Graphene enables 3D-printed energy storage devices

Cecilia Mattevi is an Associate Professor and a Royal Society University Research Fellow in the Department of Materials at Graphene Flagship Partner Imperial College London, UK.

Her research focuses on science and engineering of novel atomically thin semiconducting materials to enable applications in energy conversion, energy storage and nanotechnologies.

During Graphene Week 2021, she presented a lecture on 3D-printed energy storage devices, electrodes, micro-supercapacitors and more – all thanks to the possibilities of graphene.

3D-printing is regarded as a sustainable manufacturing technique with applications in different industries, from automotive to aerospace and education, medicine and energy.

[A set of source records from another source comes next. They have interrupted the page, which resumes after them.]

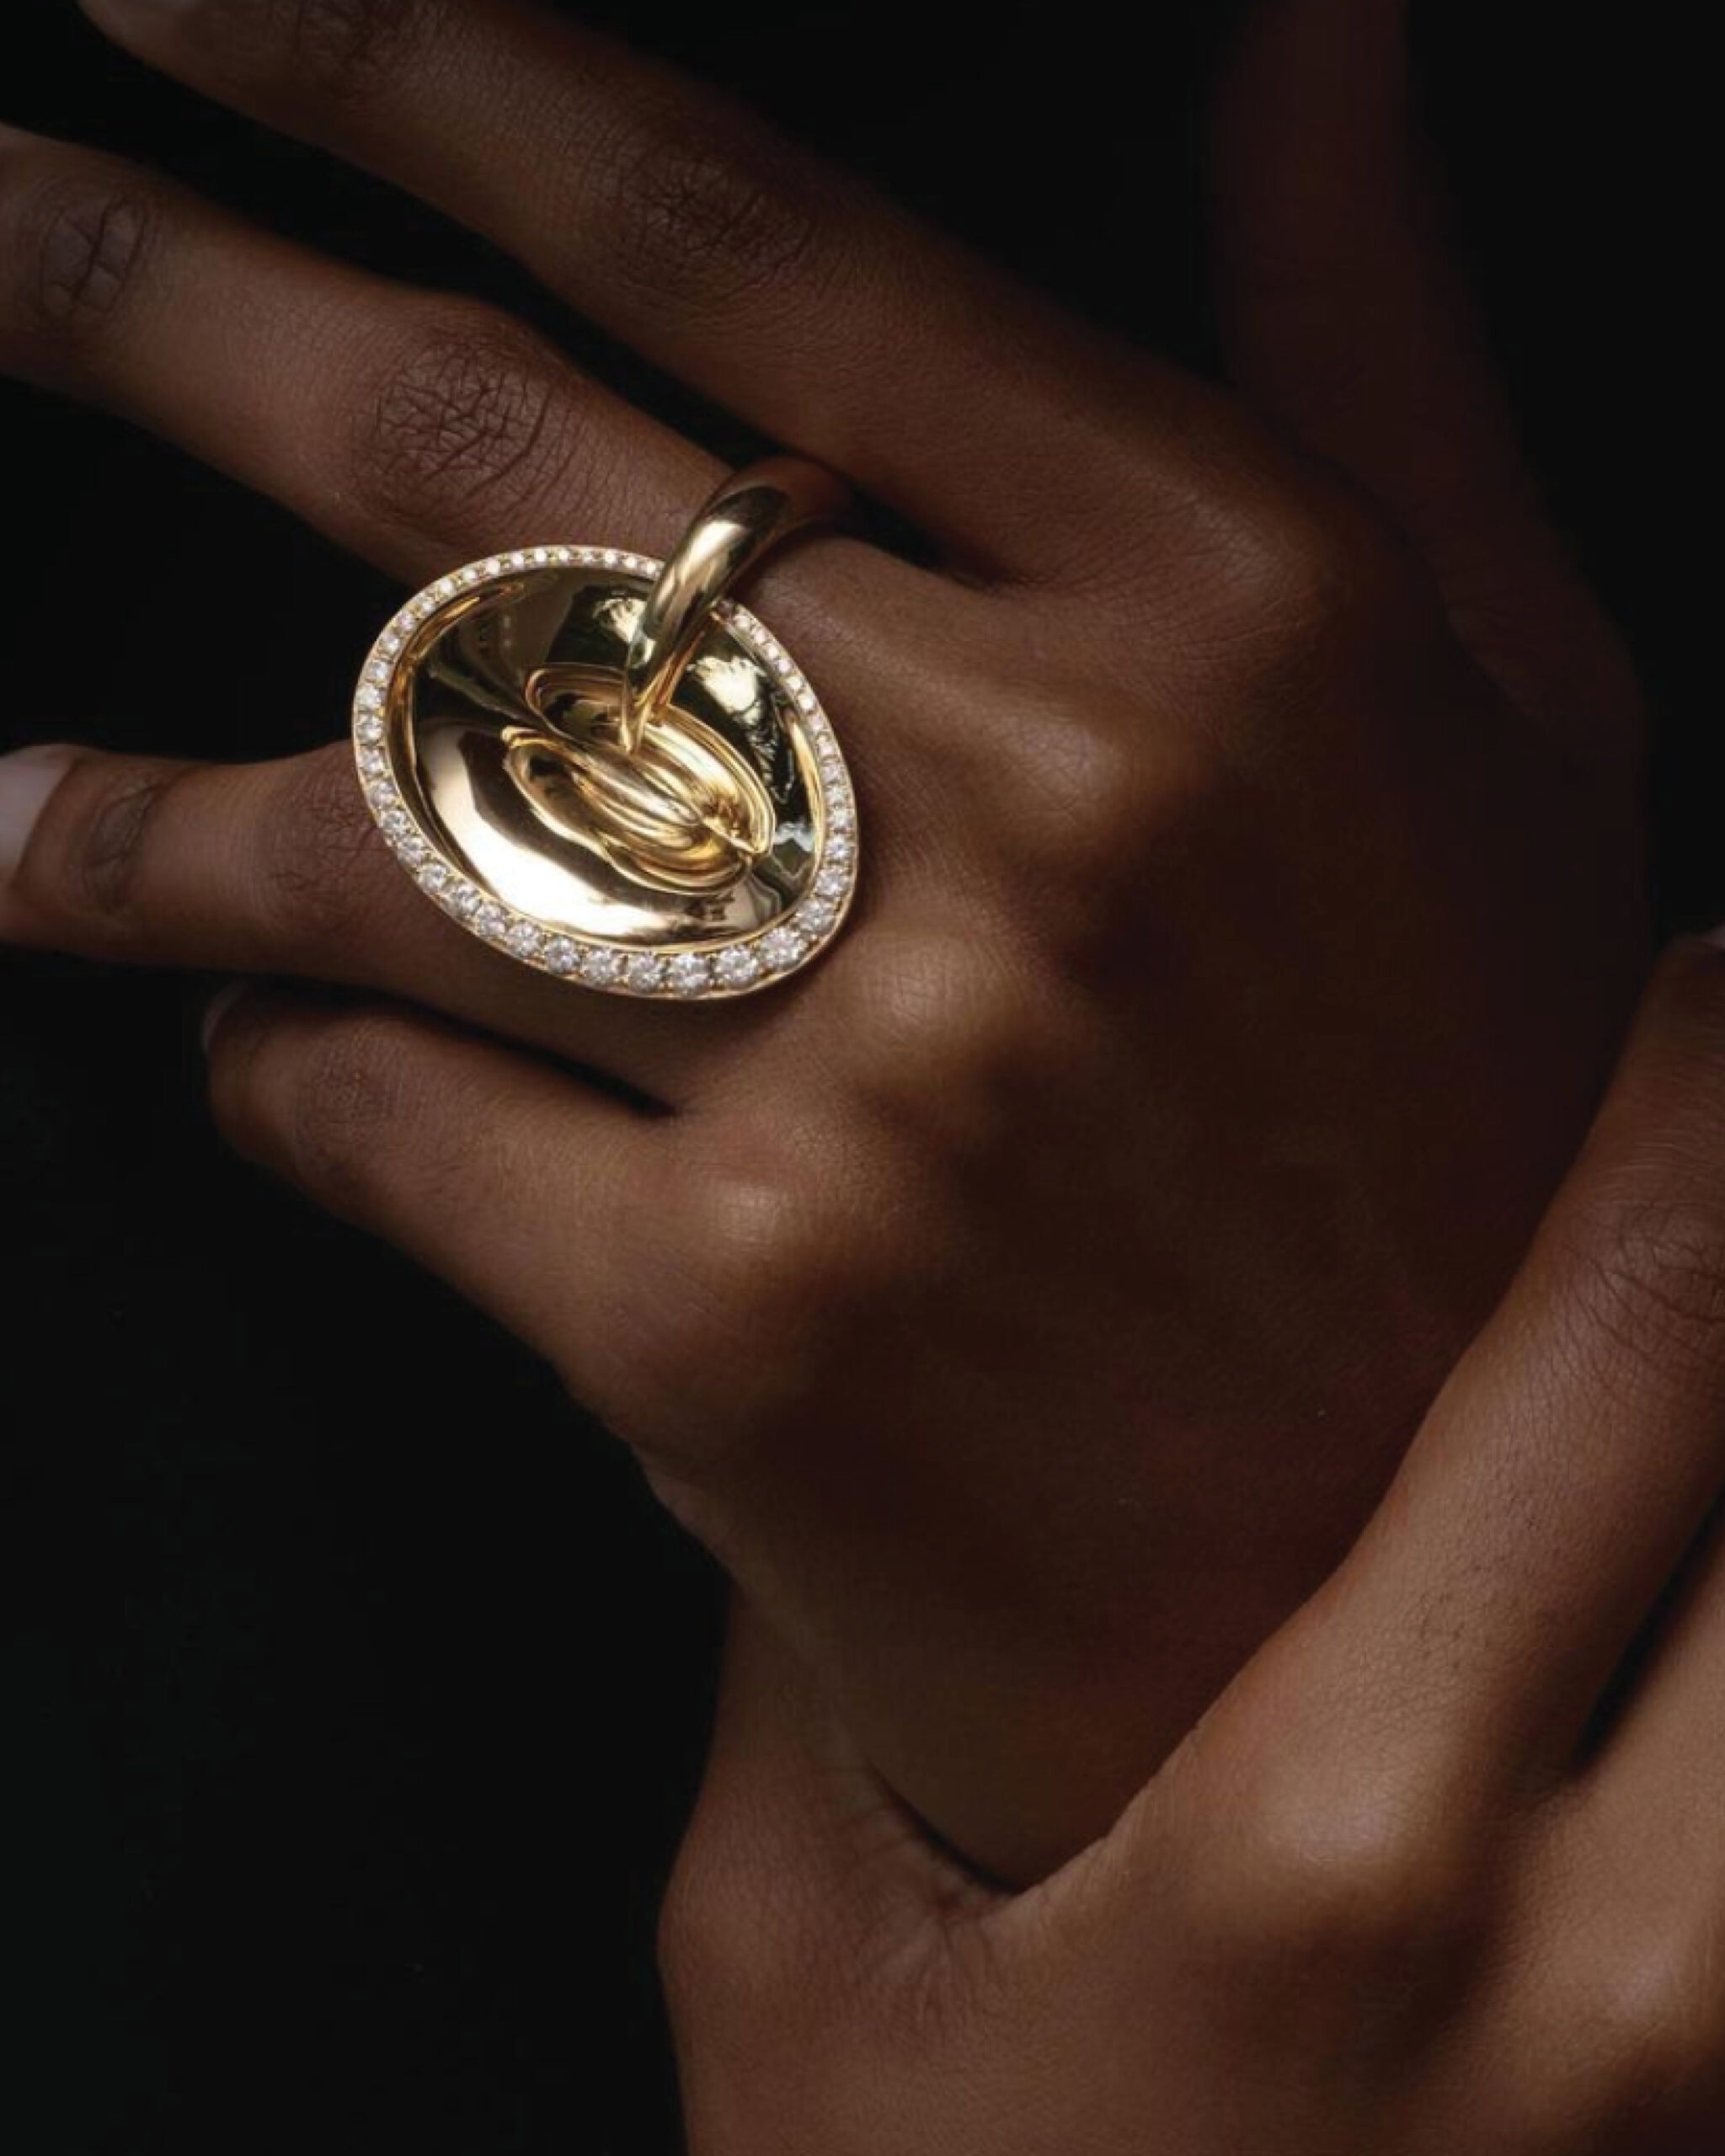 SINE gold cocktail ring from VRAM that features a sculptural gold piece encased in pave diamonds
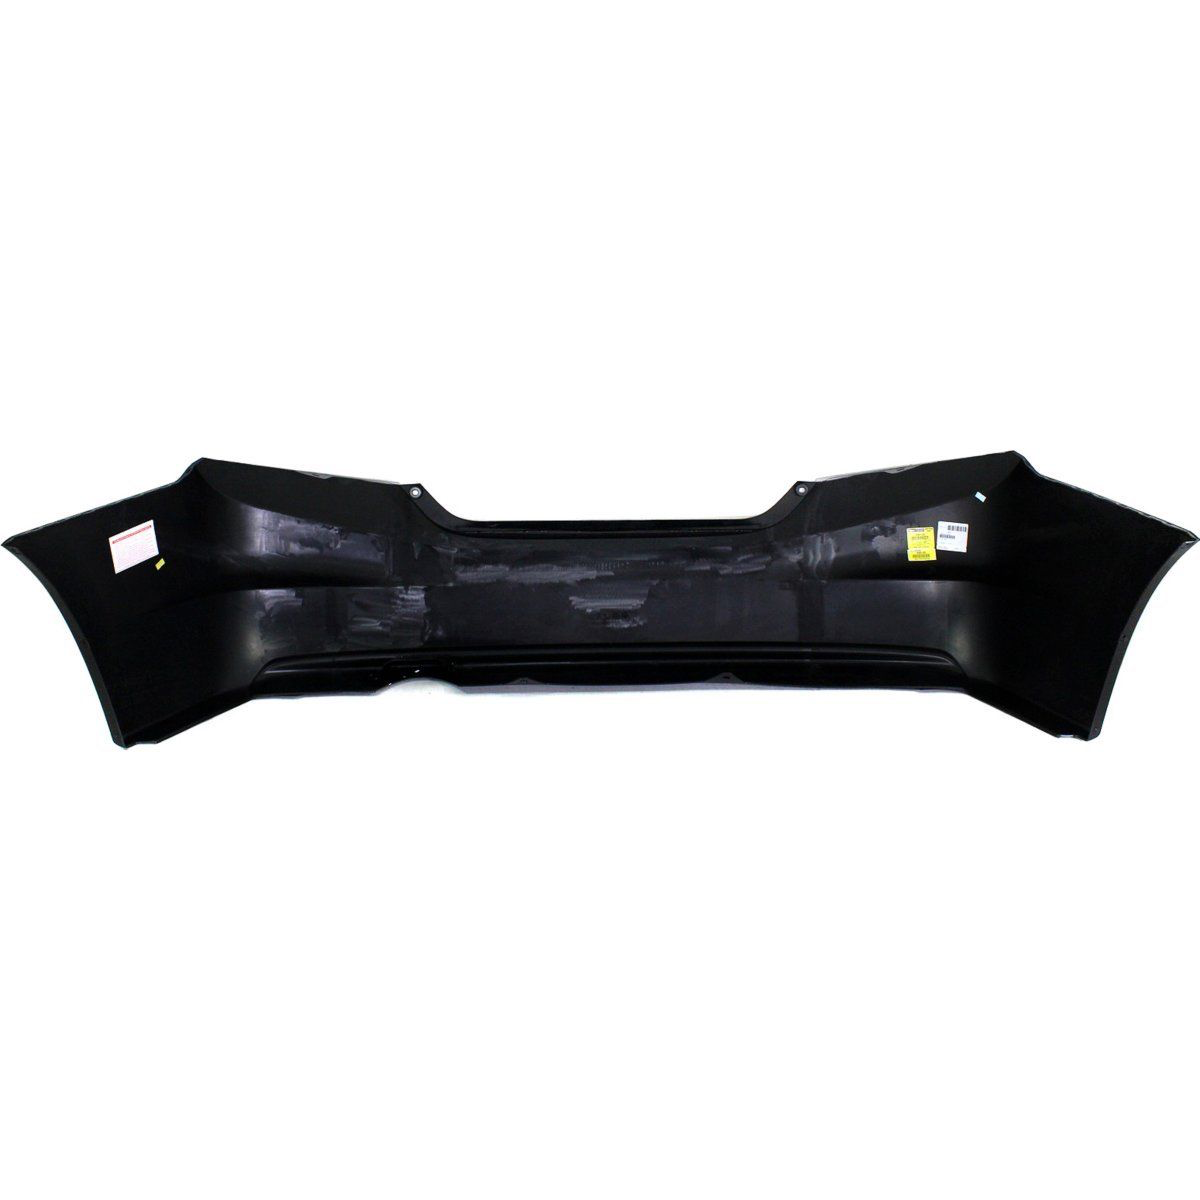 2012-2013 HONDA CIVIC Rear Bumper Cover 1.8L  Coupe Painted to Match
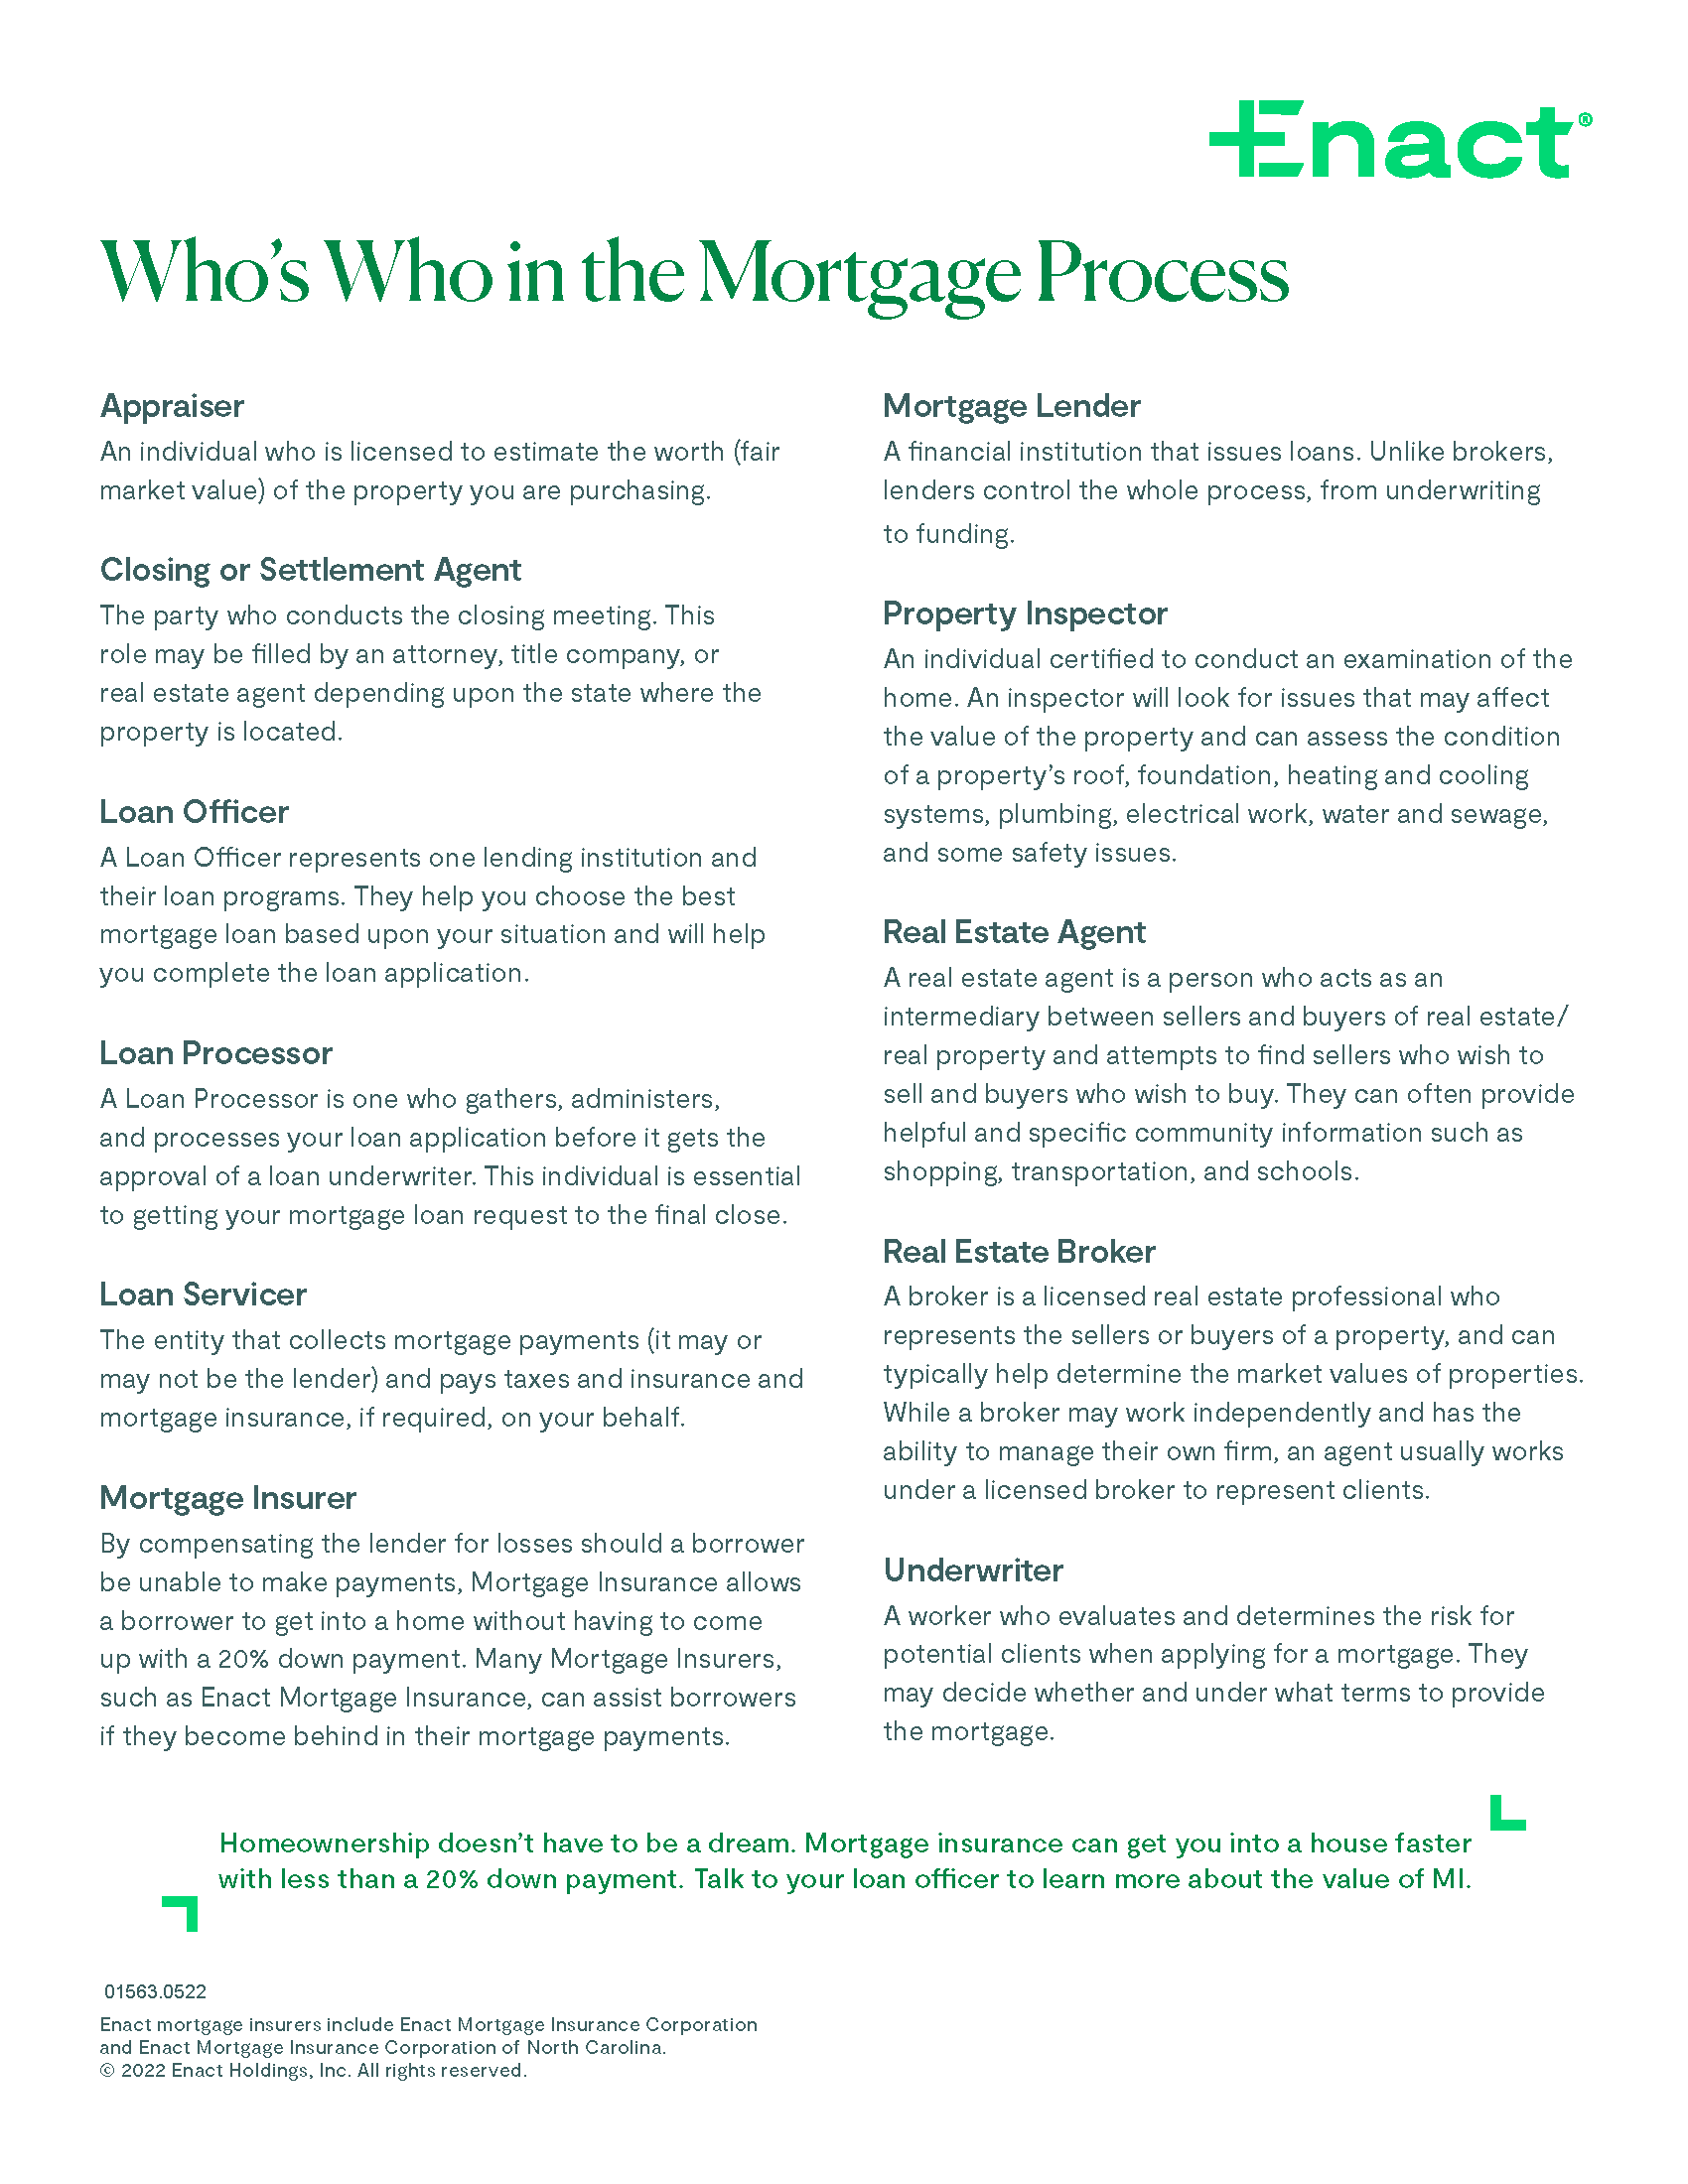 Who's Who in the Mortgage Process

Large scale 3D-printing represents different advantages, such as reduced cost, design freedom, weight reduction and faster development.

"We also see increasing applications for 3D-printing for small scale devices for biomedical applications and developing miniaturized energy storage devices," says Cecilia Mattevi.

Her research group is interested in energy storage devices for on-chip applications. They started with a few layers of graphene, formulating a graphene ink that’s ideal for 3D-printing structures of different geometries, from woodpile to interdigitated. The results are encouraging.

• They demonstrated the formulation of aqueous inks of graphene and layered materials like transition metal dichalcogenides, as well as the printing of 3D architectures with micron sized features and structural integrity.
• They printed devices without chemical additives and without the need of harsh post-printing processes to enable high electrochemical performance.
• They demonstrated that a graphene-enabled Electric Double Layer Capacitor (EDLC) dominated performance mechanism for on-chip applications.

Are we close to commercialising these devices? Mattevi thinks, "we need to study more and test them more, it will be especially nice to see the interdigitated ones optimised for actual applications." So far, her team has studied several devices, so reproducibility is quite well understood. "Now it’s a matter of optimising the development of the interdigitated structure with gel-electrolytes" concludes Mattevi.